We present a suite of direct N-body simulations of low mass ($<10^4~M_{\odot}$) globular cluster streams initialized with observationally-motivated binary demographics in order to understand the effect of in-cluster dynamical processing on the stream binary population. The models are initialized with a range of stellar densities and cluster orbits, and Poisson variation in the number of massive and short-lived stars. Wide binaries are disrupted on short timescales by internal tides and on long timescales by two-body encounters. Tides are most important prior to impulsive mass loss-driven cluster expansion. Close binaries ($P_{\rm orb}<10^2~\rm yr$) are most abundant at the stream center due to cluster mass segregation. The wide binary fraction and the degree of binary segregation in the resulting stream are sensitive to the initial cluster density and massive star fraction. In mock radial velocity surveys of the simulated streams, undetectable binaries have velocity amplitudes of $\sim$$0.5$-$1~\rm km~s^{-1}$, adding $\sim0.1~\rm km\ s^{-1}$ of velocity dispersion to the streams, and are dynamically depleted by $\sim10$-$60\%$ compared to the initial binary population. Custom N-body models of Milky Way streams with binaries will allow a holistic understanding of their dynamical structures in advance of upcoming multi-epoch spectroscopic surveys.

Figures (16)

• Figure 1: Schematic demonstration of the effects of cluster mass loss on its structure. The black line shows the cluster mass loss history, including impulsive mass loss (which occurs at $t=2~t_{\rm dyn}$ in this example) and adiabatic mass loss (which begins at $t=3~t_{\rm dyn}$). After impulsive mass loss, the cluster radius increases and its density decreases on a dynamical time. During adiabatic mass loss, the radius and density change more gradually. The transition points depend on the stellar population and dynamical state of the cluster.

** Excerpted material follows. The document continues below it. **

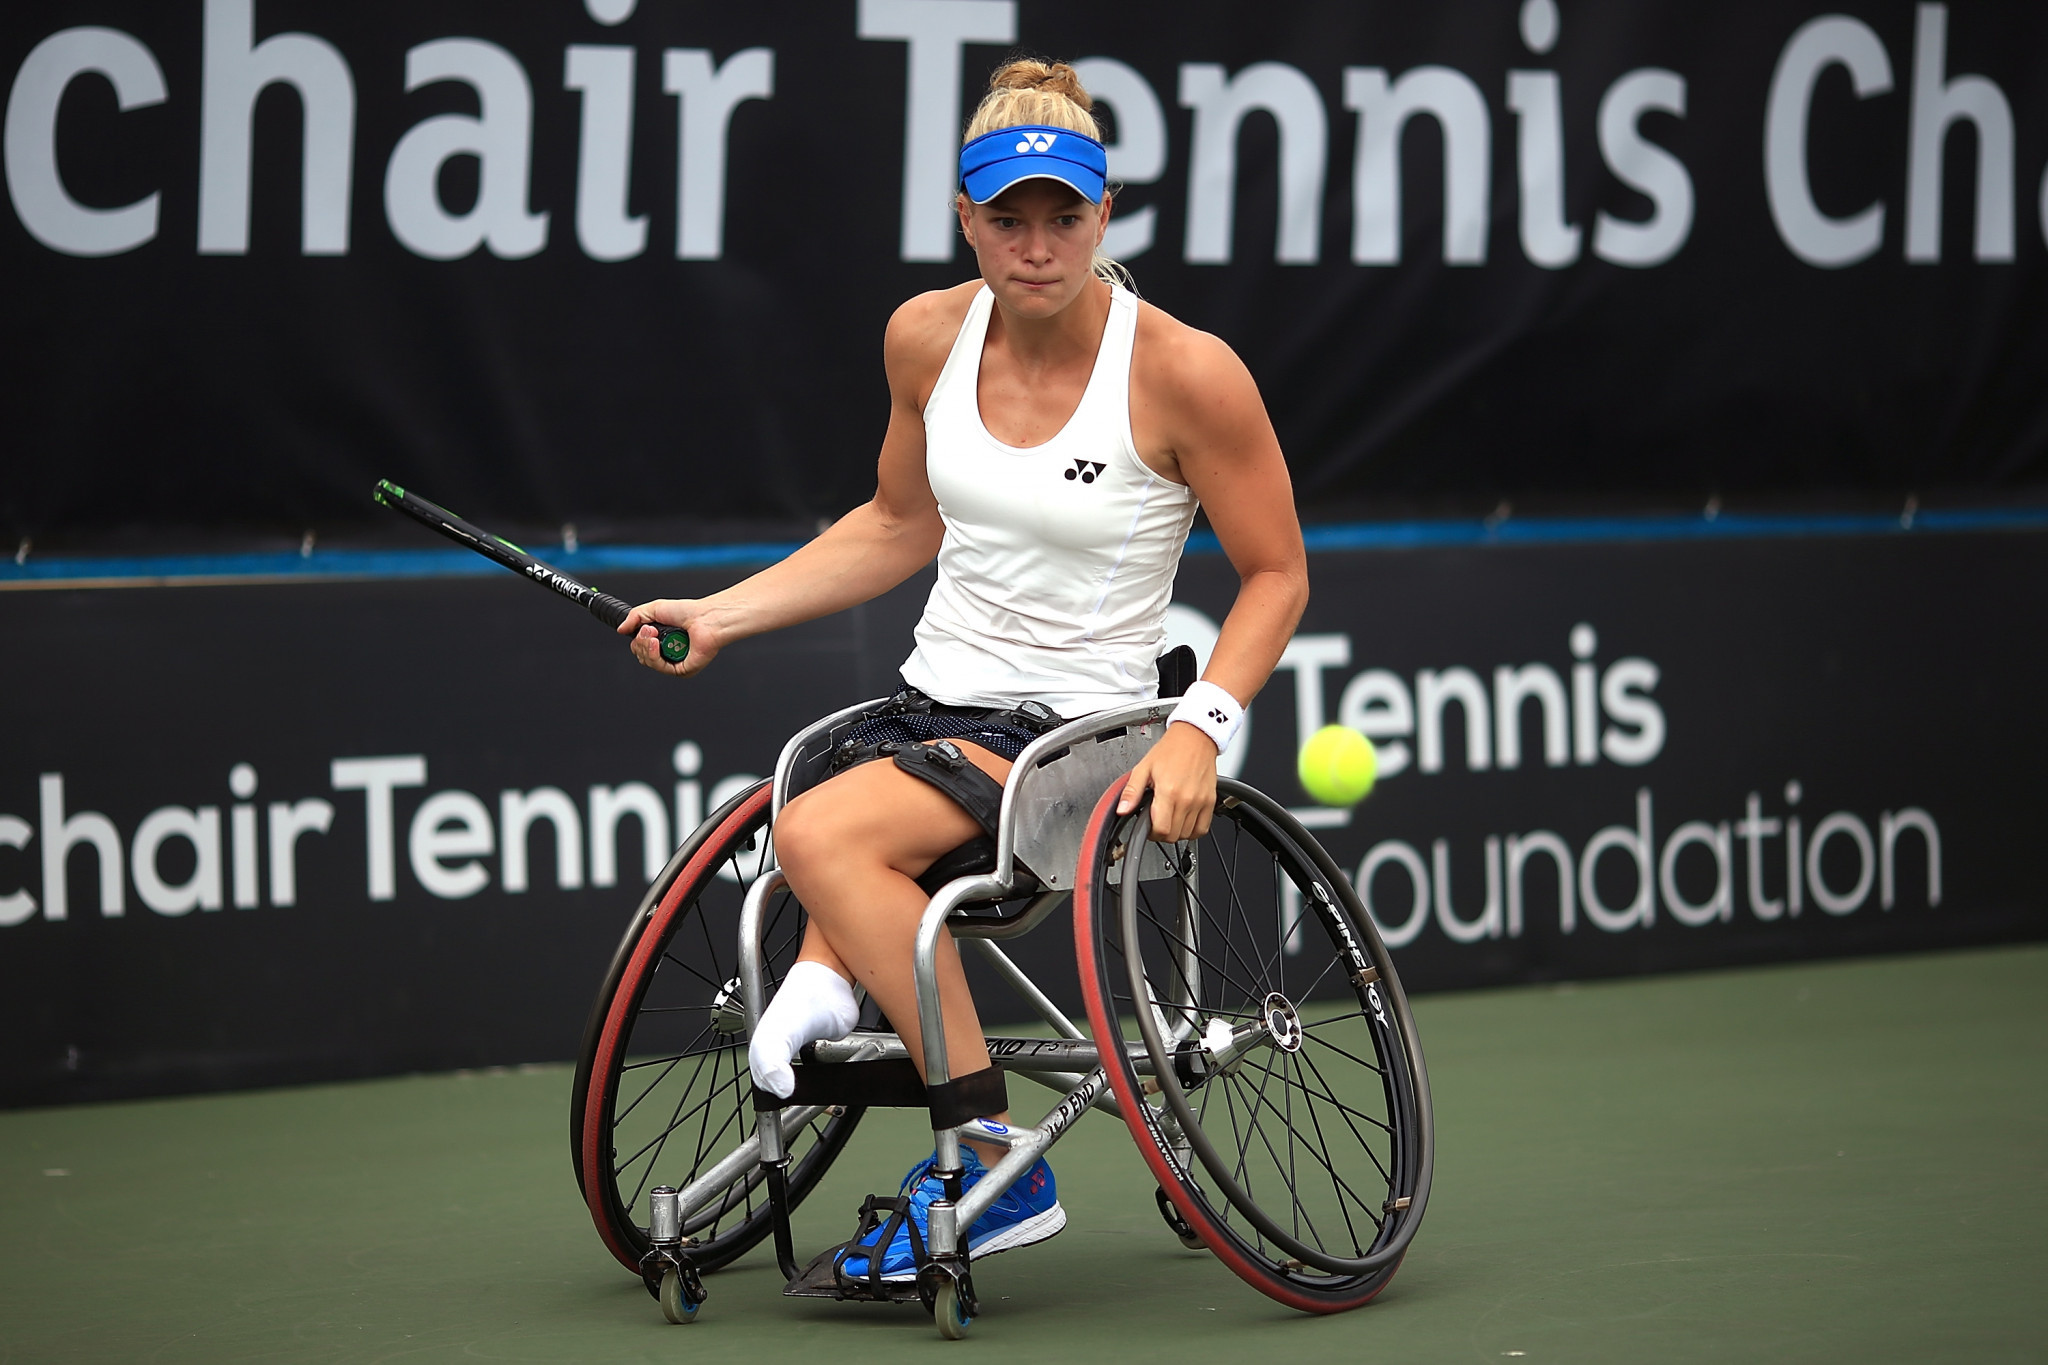 Dutch player Diede de Groot secured the women's singles title ©Getty Images
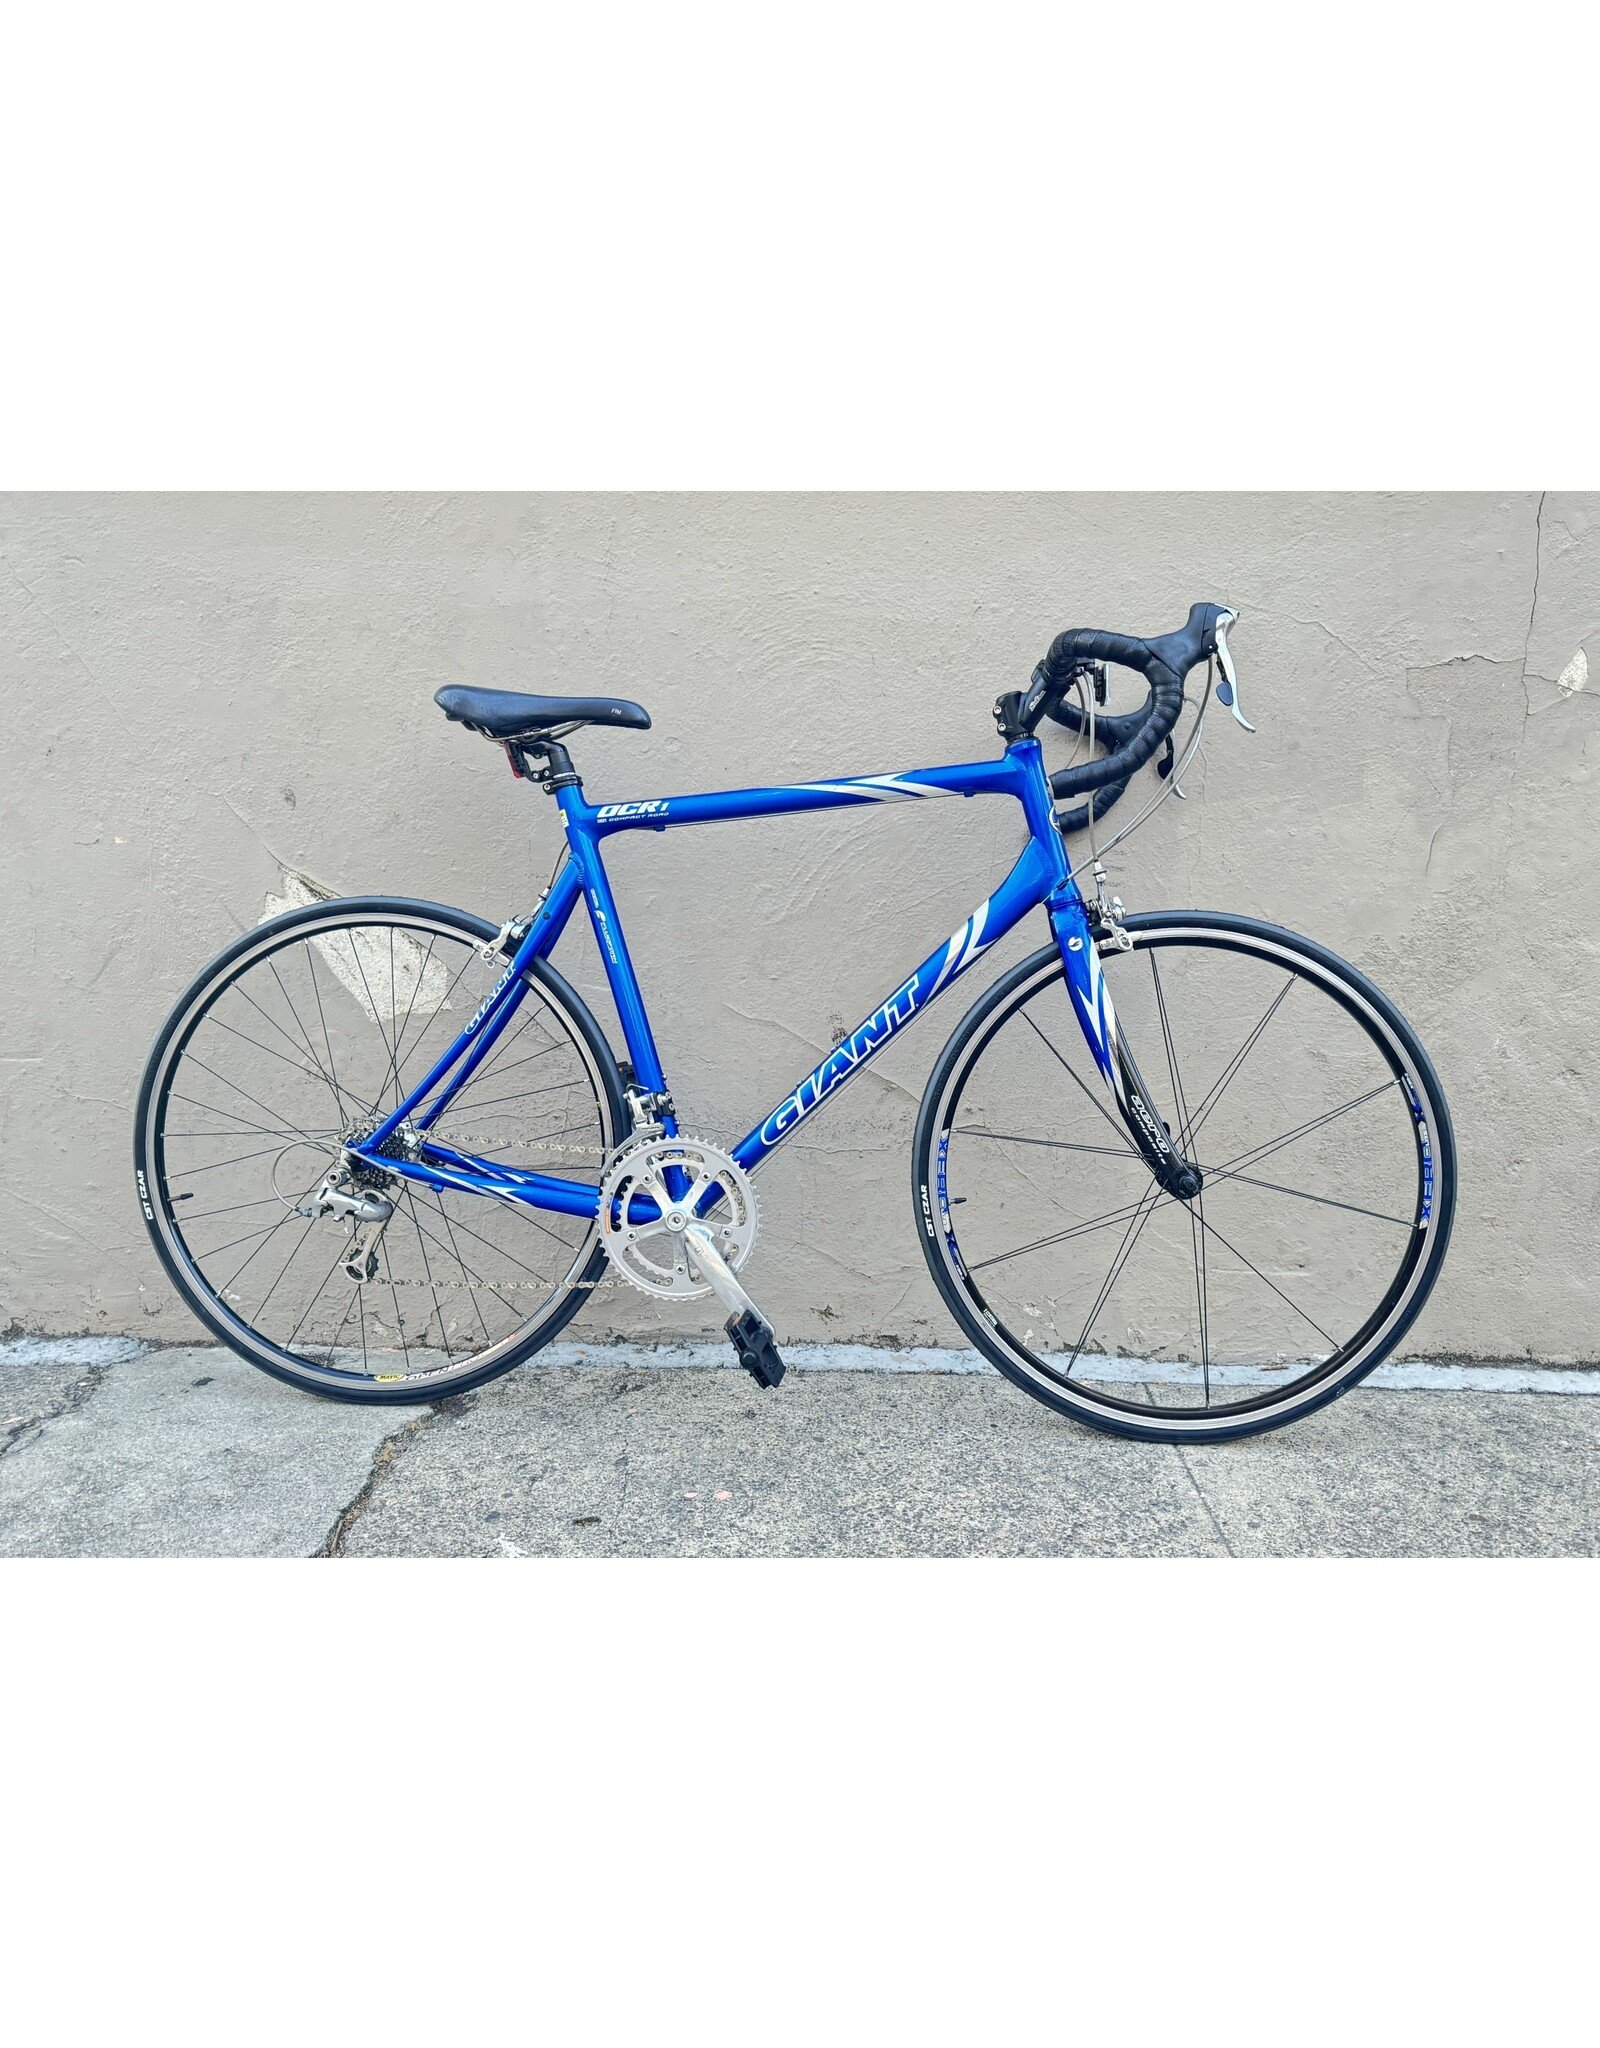 Giant Giant OCR1,  23 Inches, 2005, Blue

The annotations at the top of the panel note relevant disruption mechanisms for wide binaries in the low mass clusters studied in this work.
• Figure 2: The two samplings of the kroupa2001 initial mass function used in this work. Poisson variation leads to more high-mass stars in the hi-OB draw than in the lo-OB draw.
• Figure 3: Summary of COSMIC binary demographics used in our initial conditions. We show the distributions in orbital period $P$, eccentricity $e$, and mass ratio $q$ (as probability density functions) and the binary fraction as a function of primary mass for a $N=10^6$ stellar population in small panels. The large panel shows the two-dimensional distribution in eccentricity versus period for a subset of 2000 binaries. We show the total demographic distributions, along with the distributions for the primaries in several mass ranges separately, motivated by the piecewise prescriptions in moe2017. The eccentricity distribution includes a peak of circularized systems at short periods, and the mass ratio distribution includes a peak of equal mass systems. The dashed black curve in the bottom left panel shows the underlying binary fraction as a function of primary mass from the COSMIC sampler, and the colored curve shows the resulting sample in bins of primary mass.
• Figure 4: Snapshots over the course of the evolution of each lo-OB cluster with $R_{\rm vir,0}=0.75$ pc. The first, second, and third rows of panels display clusters on circular, GD-1, and Pal 5-like orbits, respectively. Successive columns display the stream at later stages of the progenitor cluster's dissolution. The circular orbit is shown in the $x\text{-}y$ plane, while the eccentric orbits are shown in the meridional plane ($z$ vs $R=\sqrt{x^2 + y^2}$) to best showcase the orbital structure.
• Figure 5: Dissolution time of each simulated cluster listed in Table \ref{['tab:simulation_grid']} as a function of initial virial radius for lo-OB (left panel) and hi-OB (right panel) simulations. Marker shapes correspond to the progenitor orbit.